Leetcode Daily Question 09/09/2024 - 2326. Spiral Matrix IV

Problem Description:

You are given two integers m and n, which represent the dimensions of a matrix. You are also given the head of a linked list of integers. Generate an m x n matrix that contains the integers in the linked list presented in spiral order (clockwise), starting from the top-left of the matrix. If there are remaining empty spaces, fill them with -1. Return the generated matrix.

class ListNode:
  def __init__(self, val = 0, next = None):
    self.val = val
    self.next = next
    
from typing import Optional, List
class Solution:
  def spiralMatrix(self, head: Optional[ListNode], m: int, n: int) -> List[List[int]]:
    new_matrix = [[-1] * n for _ in range(m)]
    left_wall = 0
    right_wall = n - 1
    top_wall = 0 
    bottom_wall = m - 1
    
    while head:
      for i in range(left_wall, right_wall + 1):
        if not head:
          break
        new_matrix[top_wall][i] = head.val
        head = head.next
      top_wall += 1

      for i in range(top_wall, bottom_wall + 1):
        if not head:
          break
        new_matrix[i][right_wall] = head.val
        head = head.next
      right_wall -= 1

      for i in range(right_wall, left_wall - 1, -1):
        if not head:
          break
        new_matrix[bottom_wall][i] = head.val
        head = head.next
      bottom_wall -= 1

      for i in range(bottom_wall, top_wall - 1, -1):
        if not head:
          break
        new_matrix[i][left_wall] = head.val
        head = head.next
      left_wall += 1
    return new_matrix

Explanation:

We solve this by traversing the linked list to obtain the values for the matrix cells. We can create the spiral pattern by treating the matrix as a bounding box. Every time we hit a side (wall) of the matrix, we turn clockwise pi/2, and shrink the side we just traversed.

To make things easier, we can also initiate each cell of the matrix with "-1". This saves time as we do not need to traverse the entire matrix if the linked list has less nodes than matrix has cells.

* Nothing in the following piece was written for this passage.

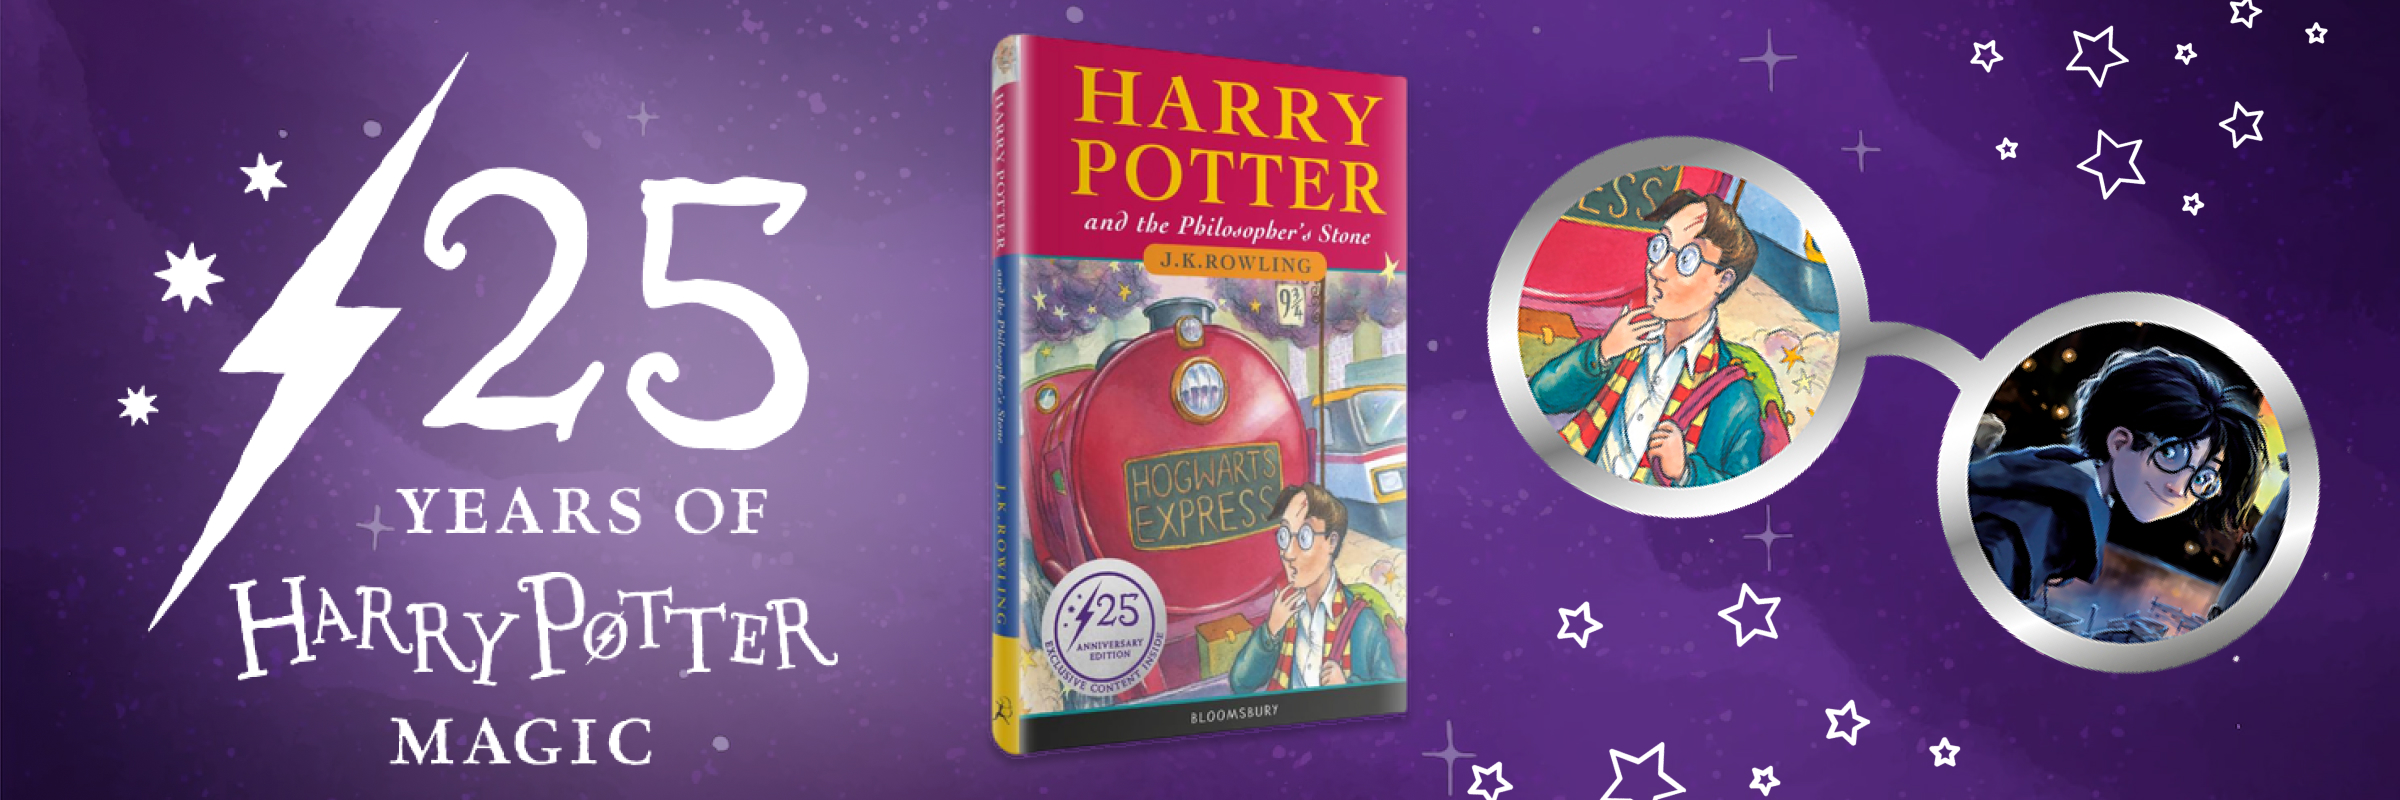 Harry Potter and the Philosopher's Stone (25th Anniversary Edition)

Let's start by defining the matrix and its walls

new_matrix = [[-1] * n for _ in range(m)]
left_wall = 0
right_wall = n - 1
top_wall = 0
bottom_wall = m - 1

while head: # We only need to fill in all the values associated with the linked list. 
  for i in range(left_wall, right_wall + 1): # Move right.
    if not head: # Early termination if the linked list null.
      break
    new_matrix[top_wall][i] = head.val
    head = head.next
  top_wall += 1 # Shrink the bounding box

  for i in range(top_wall, bottom_wall + 1): # Move down.
    if not head:
      break
    new_matrix[i][right_wall] = head.val
    head = head.next
  right_wall -= 1 # Shrink the bounding box

  for i in range(right_wall, left_wall - 1, -1): # Move left.
    if not head:
      break
    new_matrix[bottom_wall][i] = head.val
    head = head.next
  bottom_wall -= 1 # Shrink the bounding box

  for i in range(bottom_wall, top_wall - 1, -1): # Move up.
    if not head:
      break
    new_matrix[i][left_wall] = head.val
    head = head.next
  left_wall += 1 # Shrink the bounding box

return new_matrix

The time complexity is O(m*n) as we potential traverse the entire new_matrix.

The space complexity is O(m*n) as we store the new_matrix as a list of lists.

The full solution can be found near the top of the page.